Source information below:

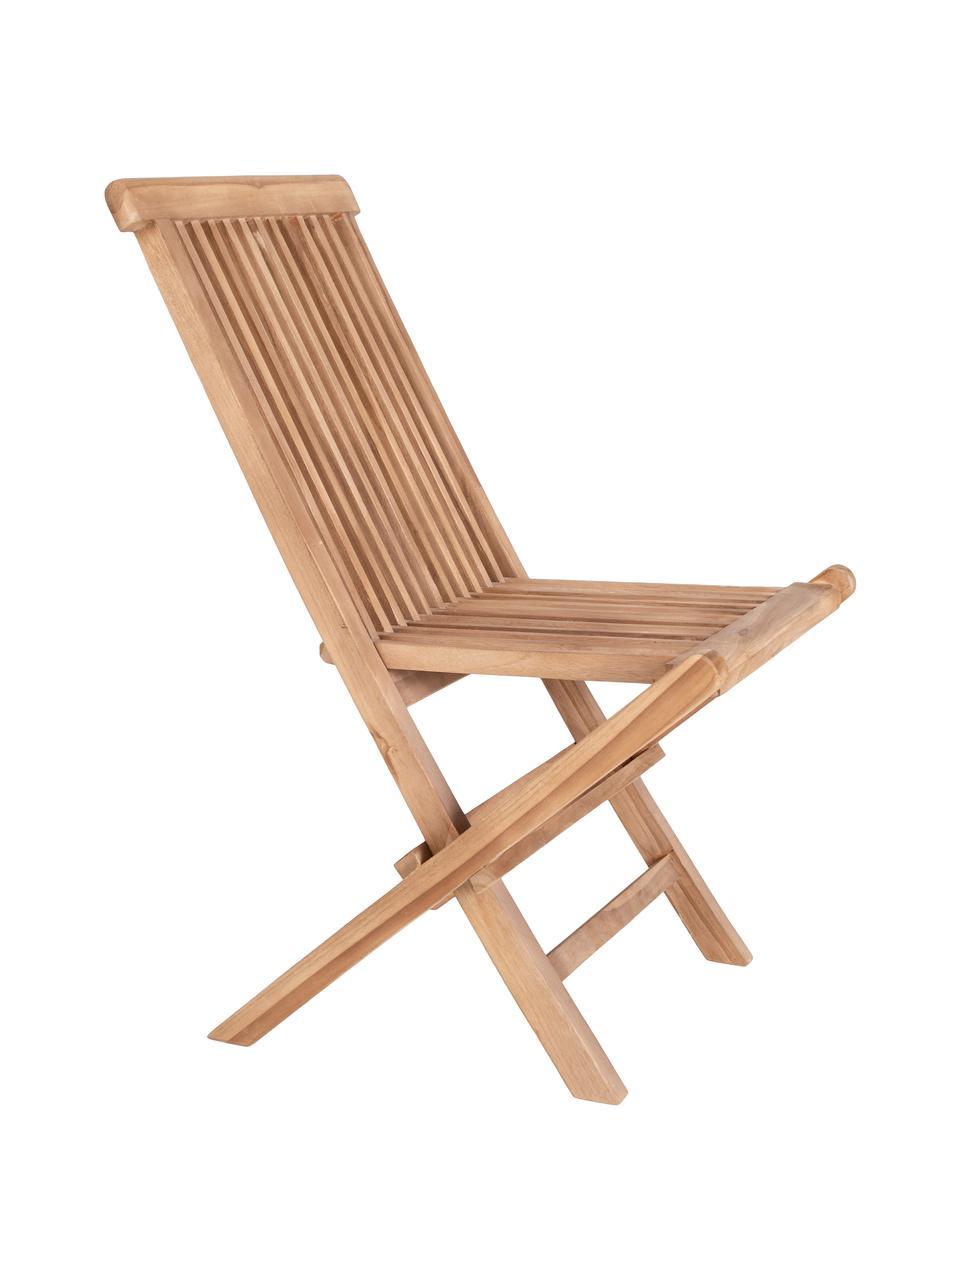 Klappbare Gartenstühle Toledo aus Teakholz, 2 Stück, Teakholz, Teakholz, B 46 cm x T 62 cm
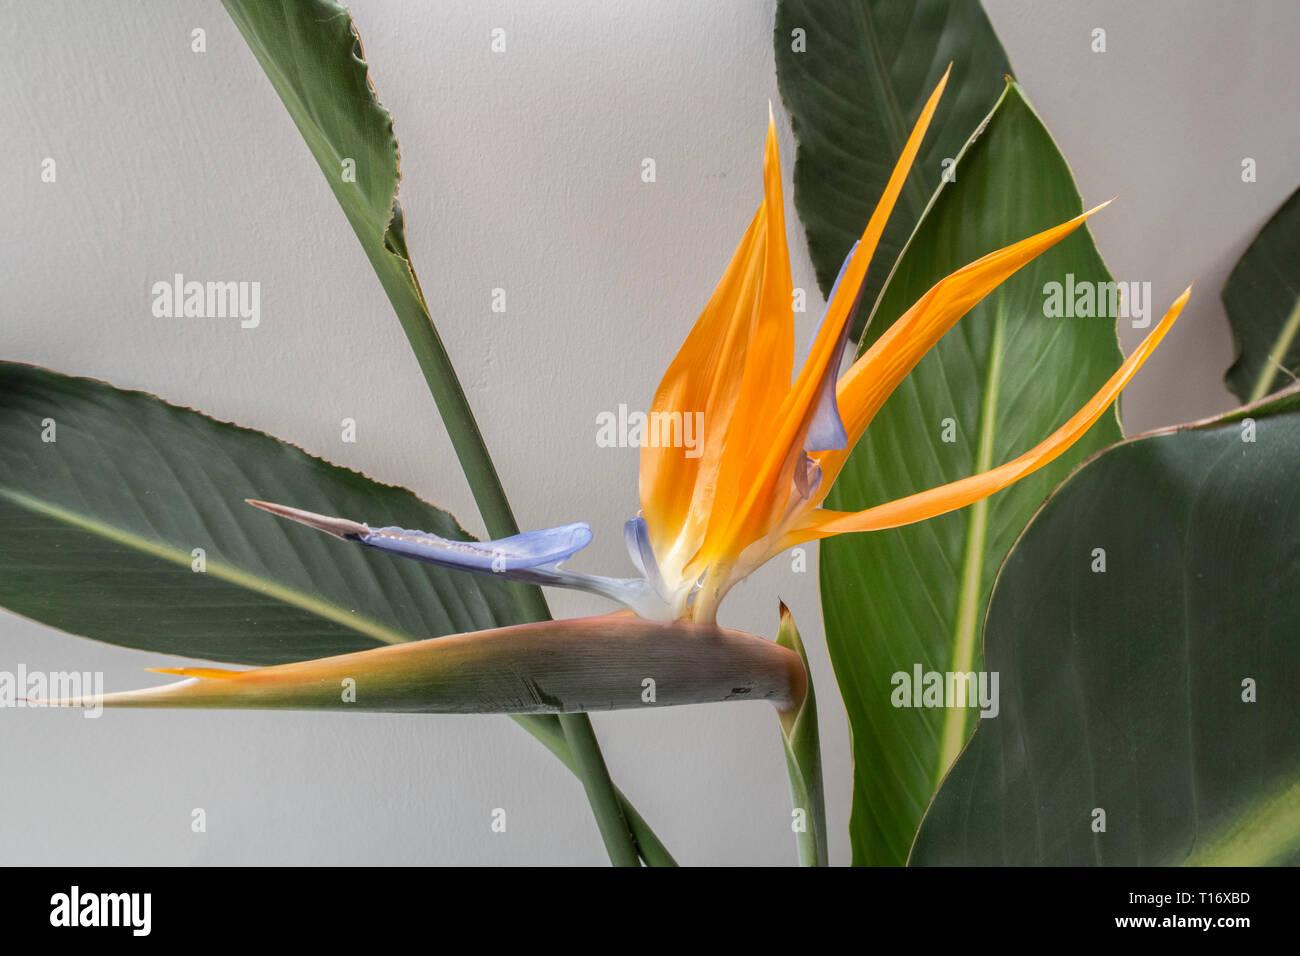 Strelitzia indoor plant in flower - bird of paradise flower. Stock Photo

End of Source information.
Source information below:

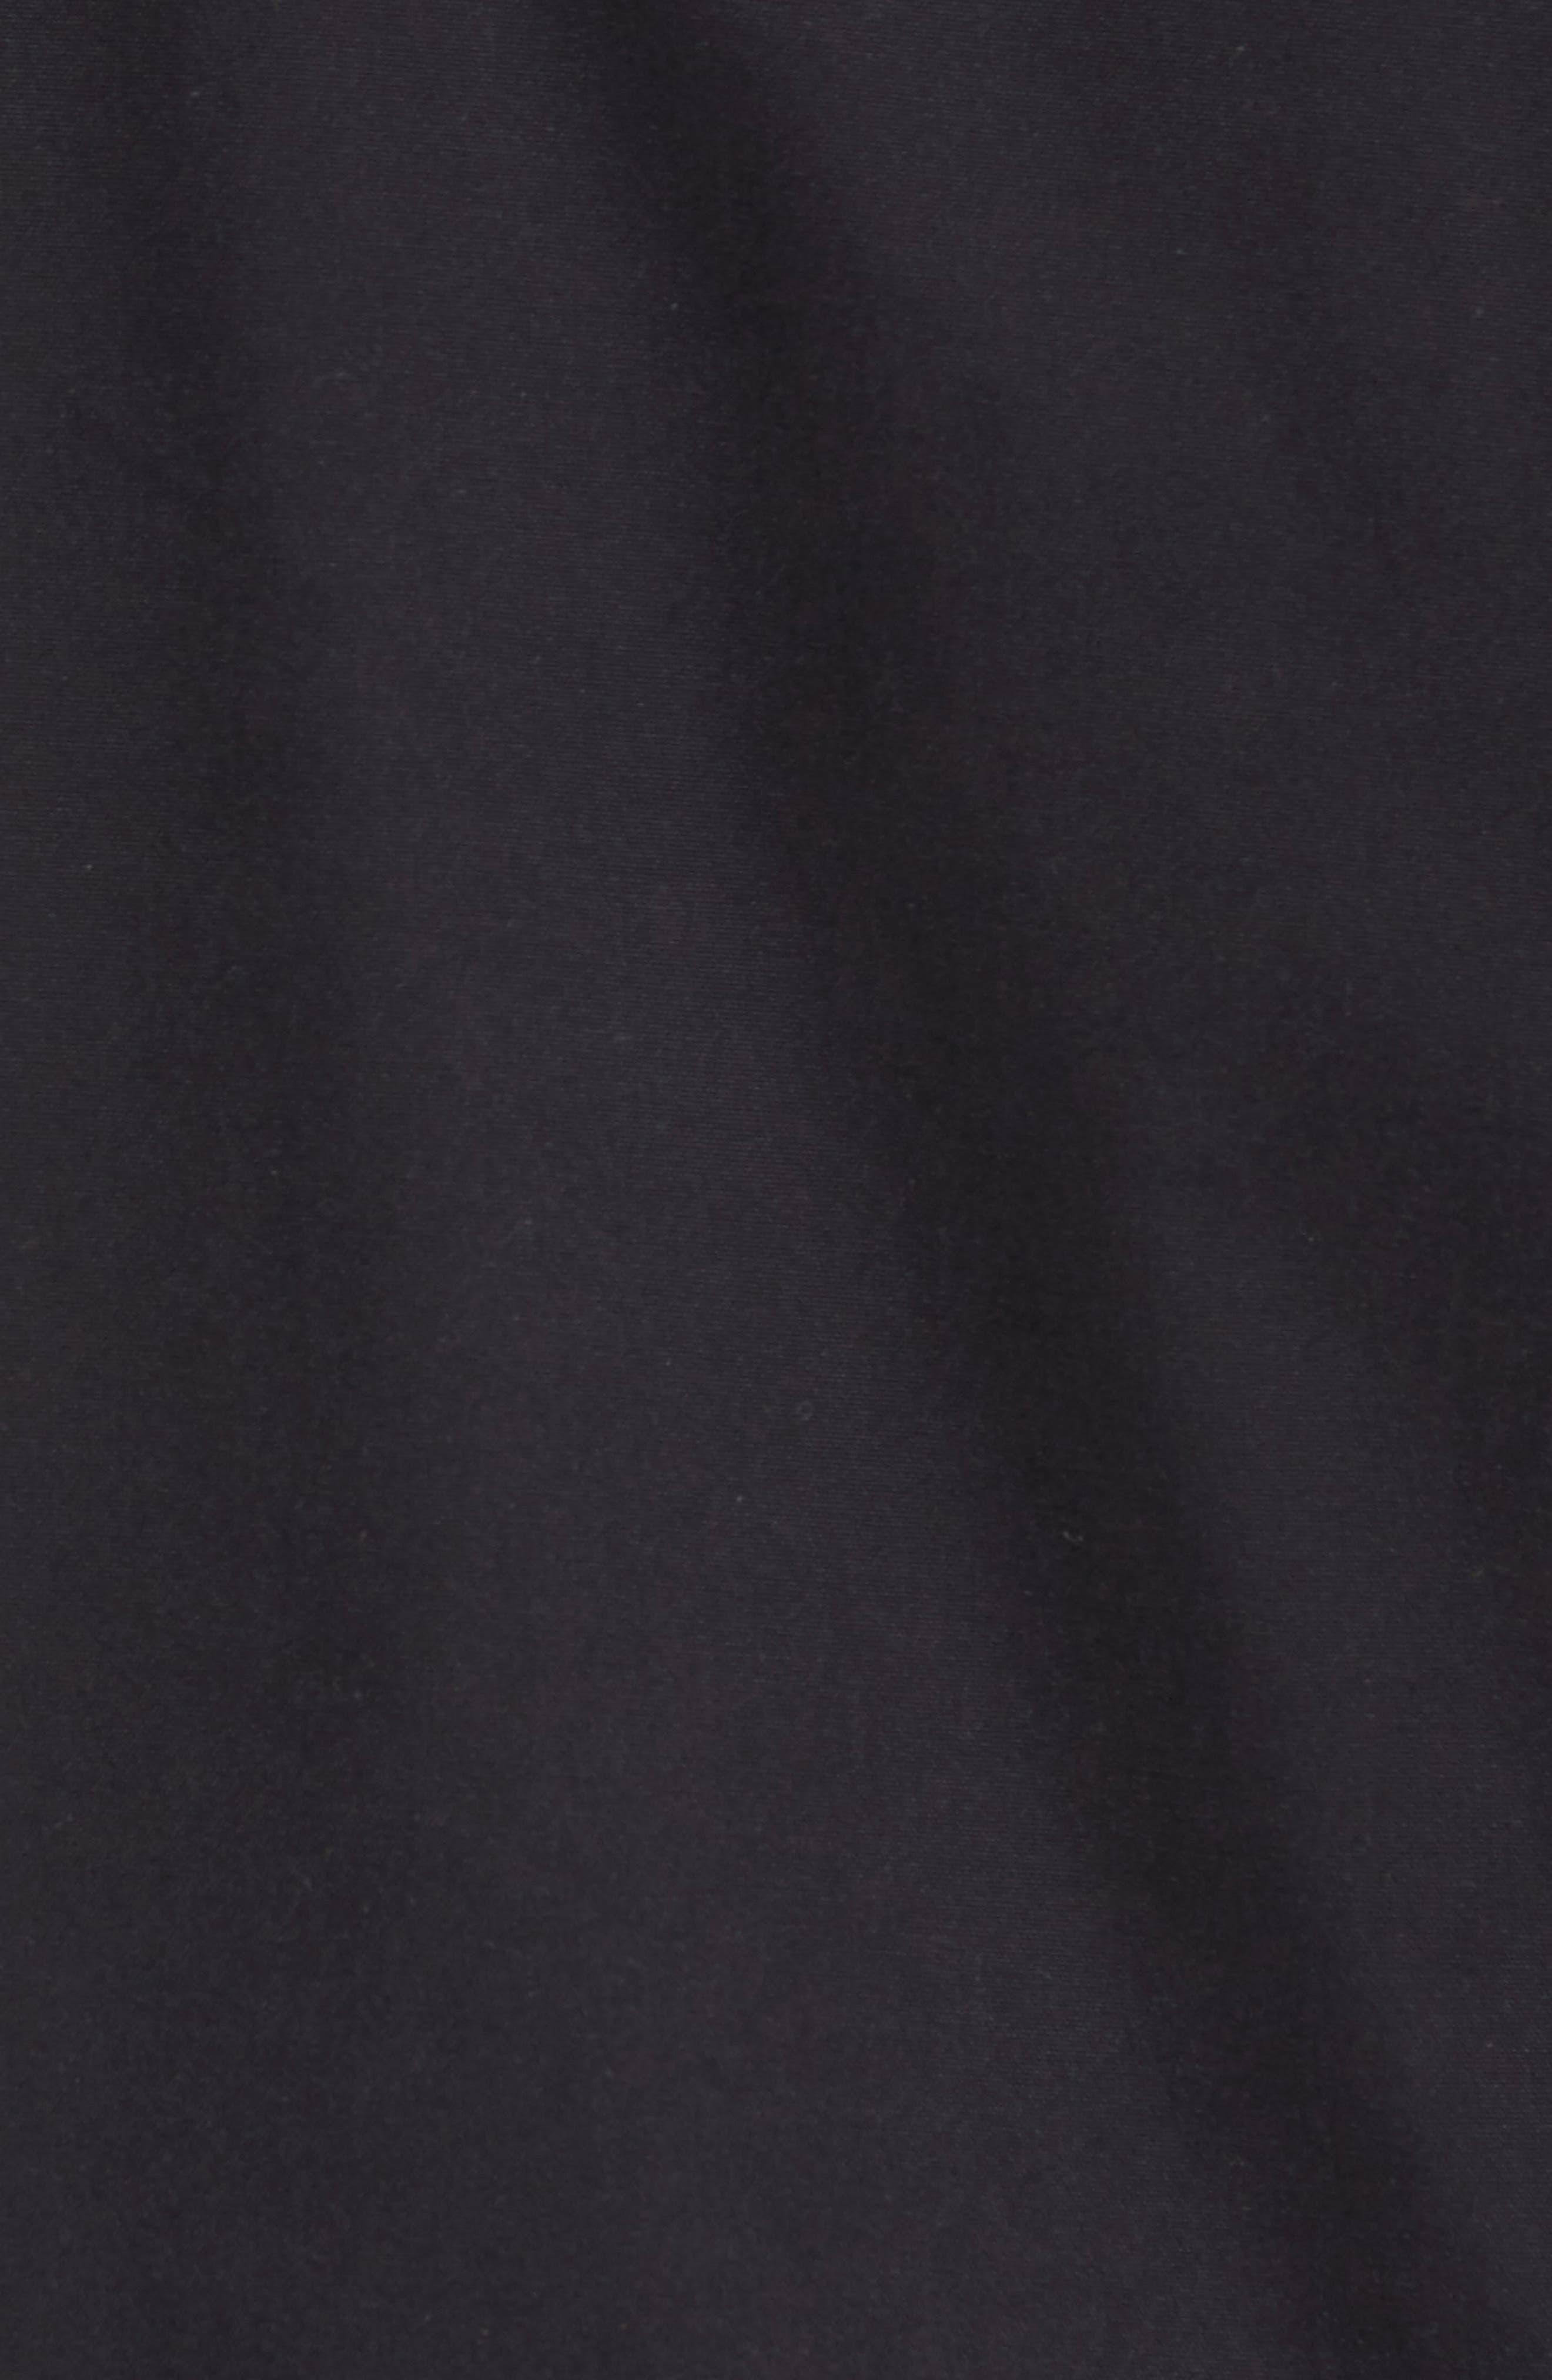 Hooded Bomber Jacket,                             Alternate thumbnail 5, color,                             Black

End of Source information.

* **What to work on**
A word-for-word reproduction is needed of the lines above from the line containing "Klappbare Gartenstühle Toledo" through the line containing "Strelitzia indoor plant", with both ends kept and no pictures.

* **Completed task**
 Klappbare Gartenstühle Toledo aus Teakholz, 2 Stück, Teakholz, Teakholz, B 46 cm x T 62 cm
 Strelitzia indoor plant in flower - bird of paradise flower. Stock Photo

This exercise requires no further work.